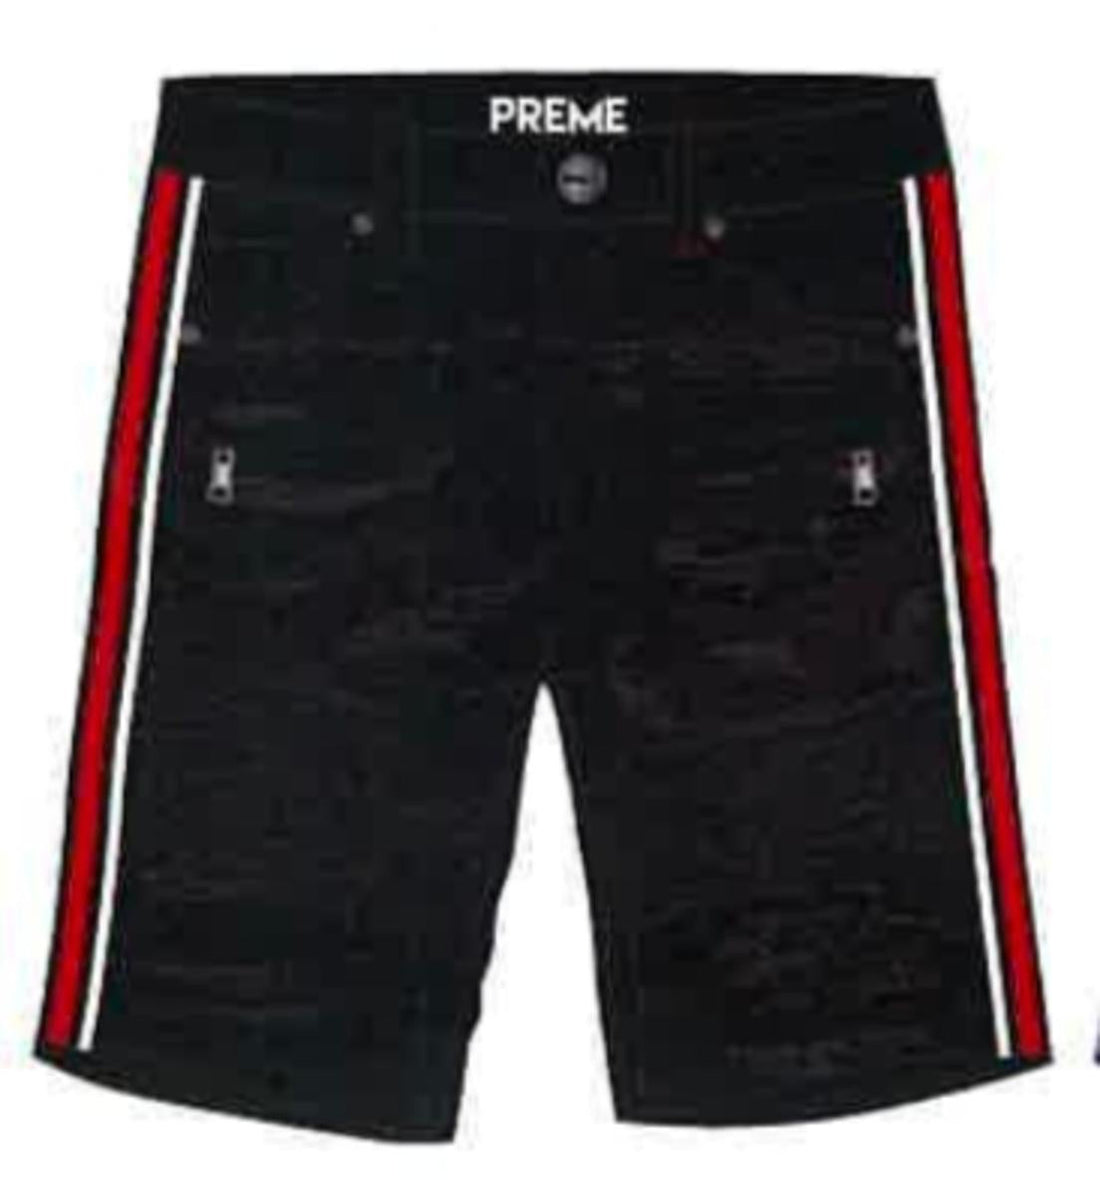 Preme Black/Red Tape Shorts
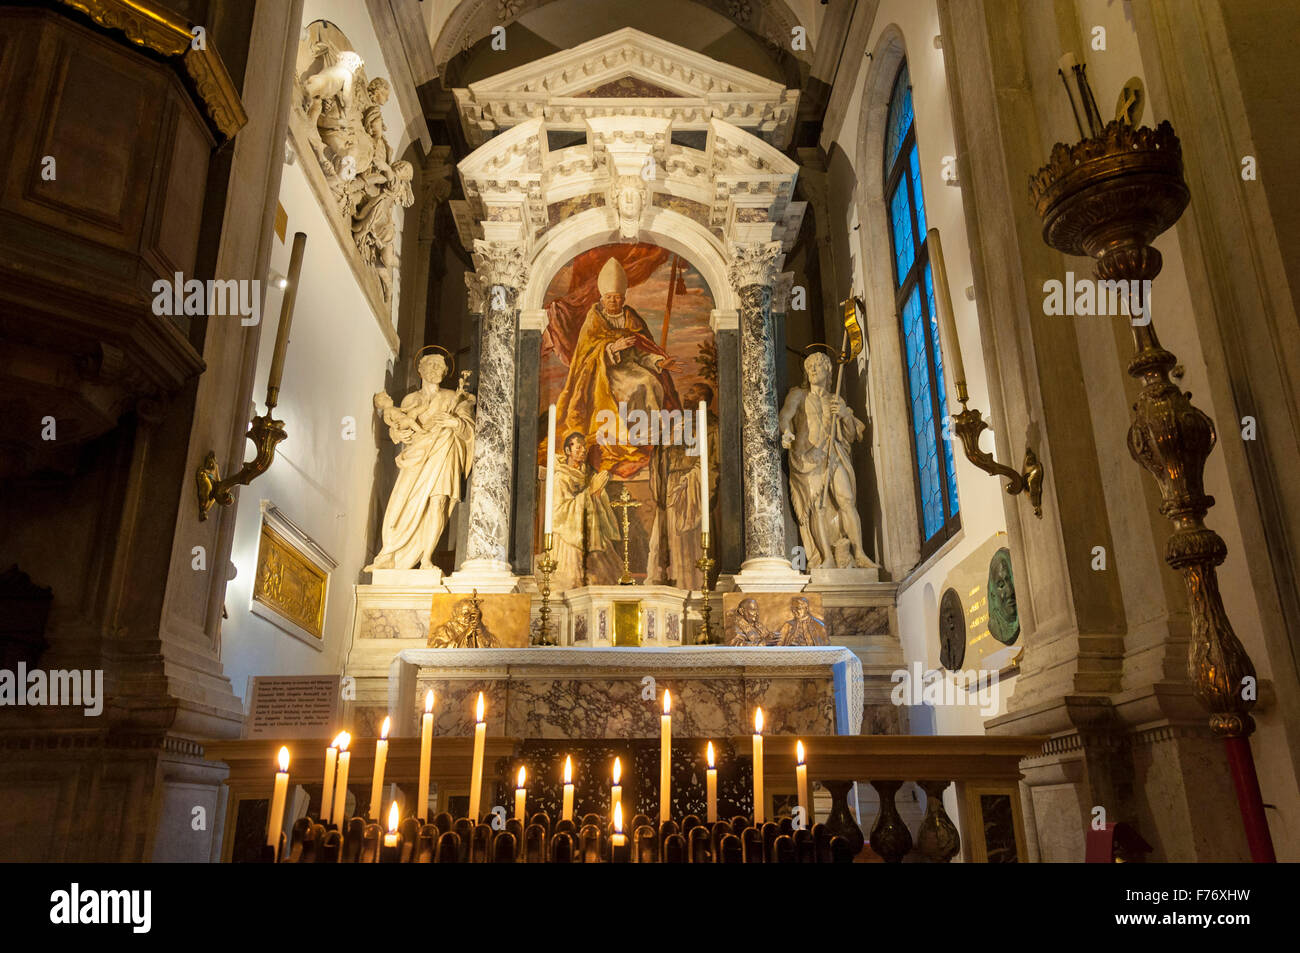 Chiesa di San Rocco chiesa a Venezia, Italia. Immagine papale interno altare Foto Stock
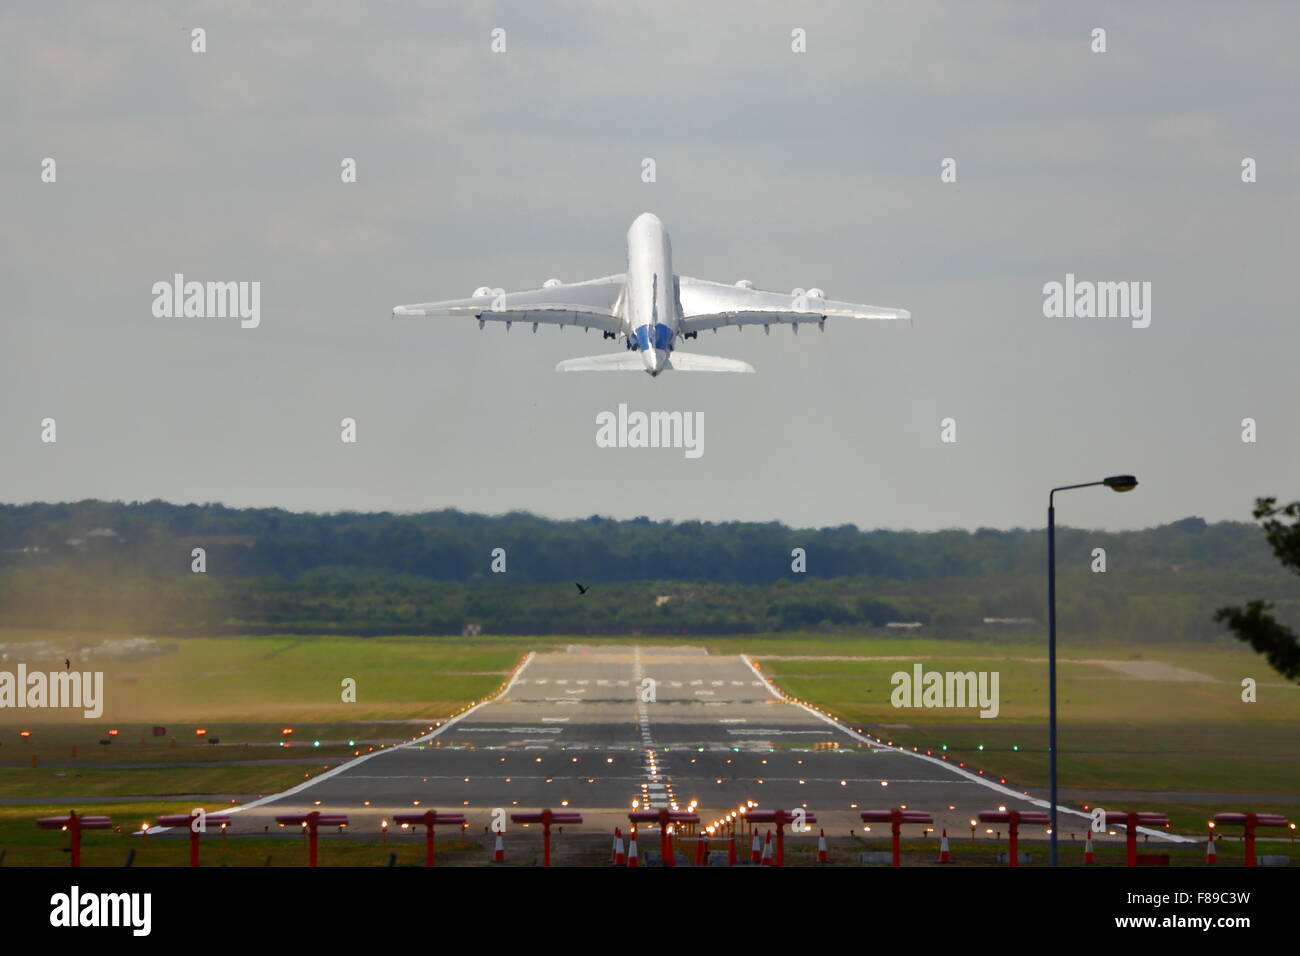 An Airbus A380 taking off at Farnborough Air Show 2014 Stock Photo

## How to complete this task
Please retype the data exactly, but do not carry over any picture.

## Response to this exercise
 Preme Black/Red Tape Shorts
 Chiesa di San Rocco chiesa a Venezia, Italia. Immagine papale interno altare Foto Stock
 An Airbus A380 taking off at Farnborough Air Show 2014 Stock Photo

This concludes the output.